Meskipun berbagai langkah kebijakan untuk mencegah dan menanggulangi
separatisme di Aceh dan Papua telah diupayakan secara maksimal, tetapi beberapa
tantangan dan hambatan masih akan dihadapi pada tahun 2007. Proses repatriasi mantan
anggota GAM memungkinkan terjadinya kesenjangan antara harapan dan kenyataan,
sehingga akan mengganggu kesepahaman Helsinki. Di samping itu, langkah politik
GAM melakukan kerjasama ekonomi dengan negara asing seperti kerjasama resmi
pelayaran dengan pemerintah Malaysia memerlukan pencermatan lebih mendalam agar
tidak menimbulkan permasalahan di kemudian hari. Sementara itu, kontradiplomasi
untuk menghambat laju internasionalisasi Papua memerlukan langkah simultan dengan
membangun Papua secara berkeadilan. Oleh karena itu, tantangan yang dihadapi dalam
pembangunan nasional tahun 2007 adalah bagaimana melaksanakan butir-butir
kesepahaman Helsinki secara baik dan meredam opini internasional atas integrasi Papua
dalam NKRI, secara terus menerus menurunkan kekuatan dan perlawanan OPM.

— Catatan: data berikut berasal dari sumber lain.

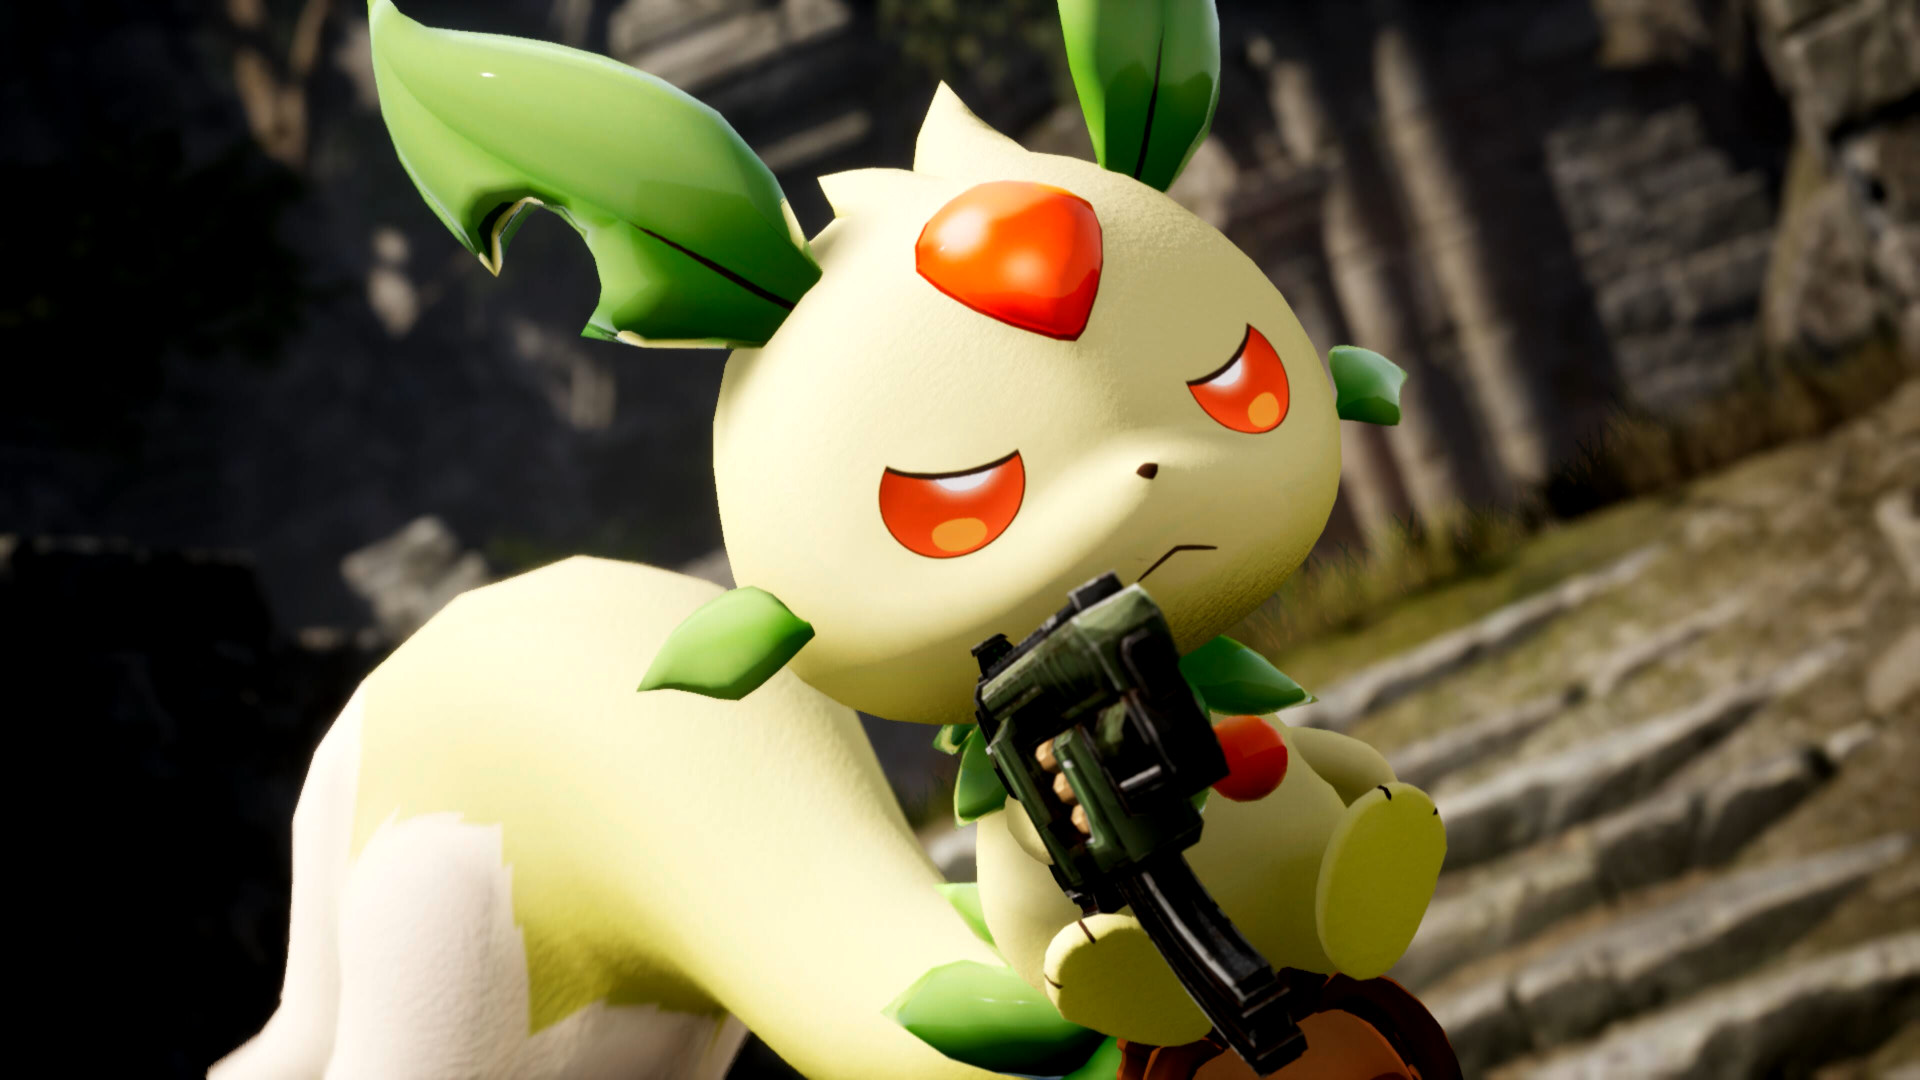 A cute, grass-type Pal from Palworld aims a small semi-automatic handgun

B. SASARAN PEMBANGUNAN TAHUN 2007
Sasaran pokok yang akan dicapai dalam upaya pencegahan dan penanggulangan
separatisme di Indonesia pada tahun 2007 adalah sebagai berikut:
1. Normalisasi kehidupan masyarakat Aceh sejalan dengan upaya damai yang telah
dilaksanakan.
2. Meningkatnya pemahaman dan kebanggaan masyarakat Aceh terhadap Negara
Kesatuan Republik Indonesia.
II.4-2
3. Menurunnya kekuatan OPM dan melemahnya dukungan simpatisan OPM di dalam
dan luar negeri
4. Terdeteksi dan dapat dicegahnya potensi separatisme.
C. ARAH KEBIJAKAN PEMBANGUNAN TAHUN 2007
Arah kebijakan yang akan ditempuh dalam rangka mencegah dan menanggulangi
gerakan separatisme pada tahun 2007 adalah sebagai berikut:
1. Penguatan koordinasi dan kerjasama diantara lembaga pemerintah dalam
pencegahan dan penanggulangan separtisme.
2. Meningkatkan kesejahteraan masyarakat Aceh melalui perbaikan akses masyarakat
lokal terhadap sumber daya ekonomi dan politik tanpa diskriminasi.
3. Melaksanakan pendidikan politik dan bela negara secara formal, informal, dialogis,
serta melalui media massa dalam rangka meningkatkan rasa saling percaya dan
menumbuhkan kecintaan terhadap NKRI.
4. Meningkatkan upaya diplomasi luar negeri dalam rangka kontra diplomasi OPM di
dalam dan di luar negeri.
5. Mengefektifkan upaya deteksi secara dini (early warning system) dan pencegahan
awal potensi konflik dan separatisme.